Lettre à ma mère Nansa

C’est toujours avec un goût amer que je me rappelle de ce jour de 5 octobre, c’était un vendredi, où maman tu es partie à jamais à la suite d’une maladie en 2012.

Maman Nansa / crédit photo Awa Seydou 

J’ai toujours du mal à parler de ton décès,pour me soulager, je parle de départ, espérant qu’un jour nos destins se croiseront encore à nouveau. Ce fut pour moi, une énorme chance d’avoir été ta fille, un infini merci pour tout ce que tu fis, pour moi, maman Nansa Doumbia.

Plus qu’une mère, tu a été une amie, une confidente, un guide, , un exmple.Oui, Gafou que je suis(comme tu me surnommais), est plus que reconnaissante envers toi pour toute la tendresse, tout l’amour, et la protection dont tu m’as donnés aux côtés de Papa Seydou que tu appelais toujours par son nom de famille de Traoré.

Six ans de départ, d’absence que j’ai dû mal à accepter des fois, quand je pense à toutes nos complicités, nos causeries de mère -file, à notre denier coup de file ce jour là. Oui, après 3 appels, on s’est dit au revoir jusqu’à demain,c’est ainsi quelques heures après, Papa m’annonça ton décès, inutile de dire que ce fût un choc, un séisme.Oui, même si vous m’avez toujours demander de garder le moral intact face aux circonstances, des fois je me perds, me rendant  compte que tu es partant …
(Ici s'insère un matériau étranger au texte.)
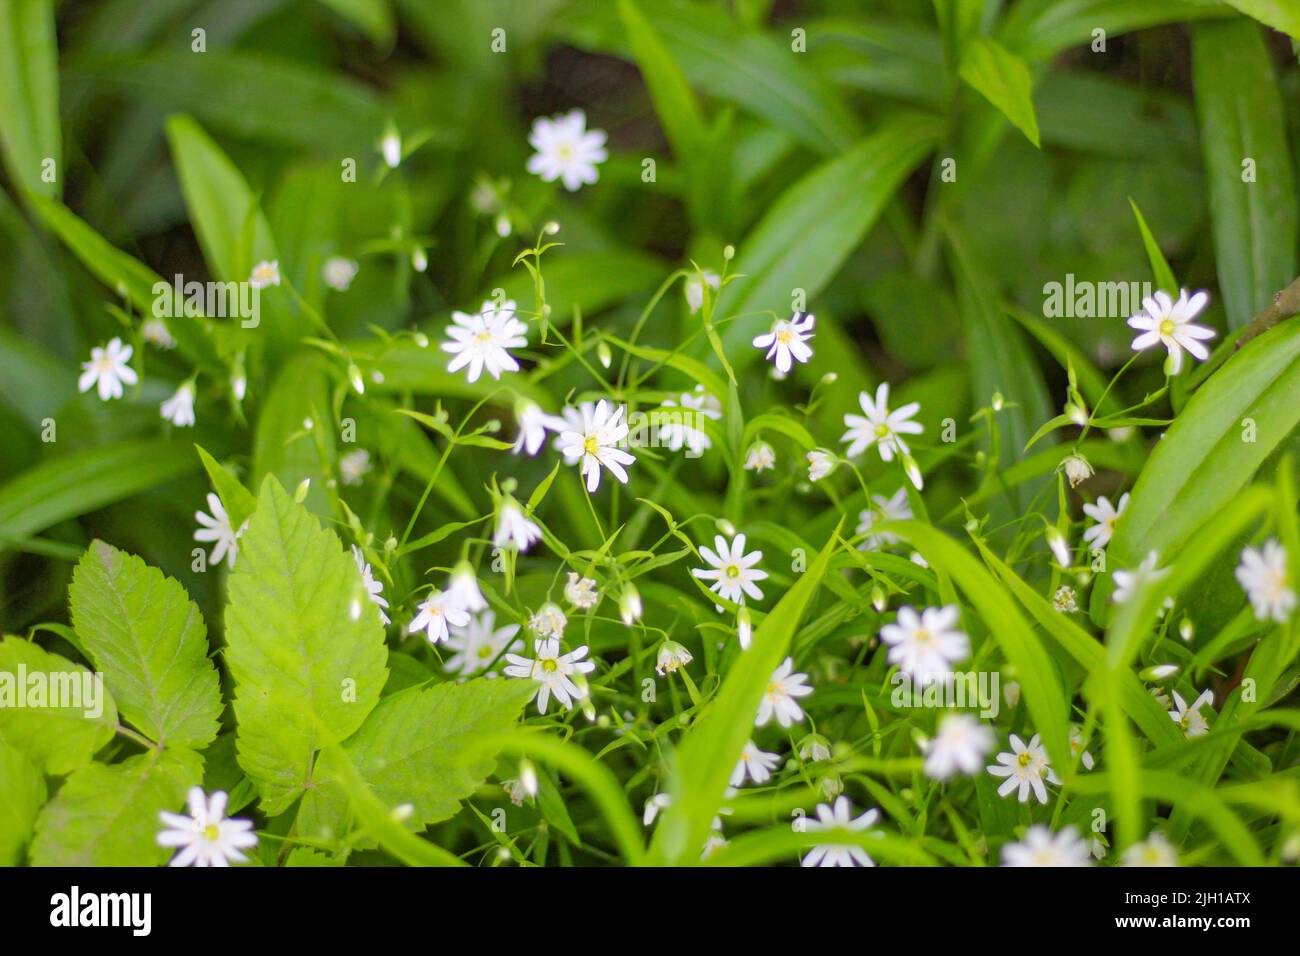 Pequeñas flores blancas como estrellas en el follaje verde del jardín en un día de verano. Foto de stock

Merci pour toutes les valeurs transmises, je ferai mon possible, pour les transmettre  à tes petits chéris, Adama, Ibrahima et Seydou.C’est Adama, que tu as vu, et tant aimé, il a eu ses 7 bougies juillet dernier et se prends pour superman.Je sais que tu allais être hyper contente de les voir mettre tant d’ambiance à la maison.

Bref , merci de faire partie de ma vie, même en étant de l’autre côté, sans aucun doute, tu continues à inspirer ma vie. Je dirai à tes pétits maris(pétifs fils) de perpétuer l’œuvre d’une dame de principe, sincère, affectueuse, et véridique.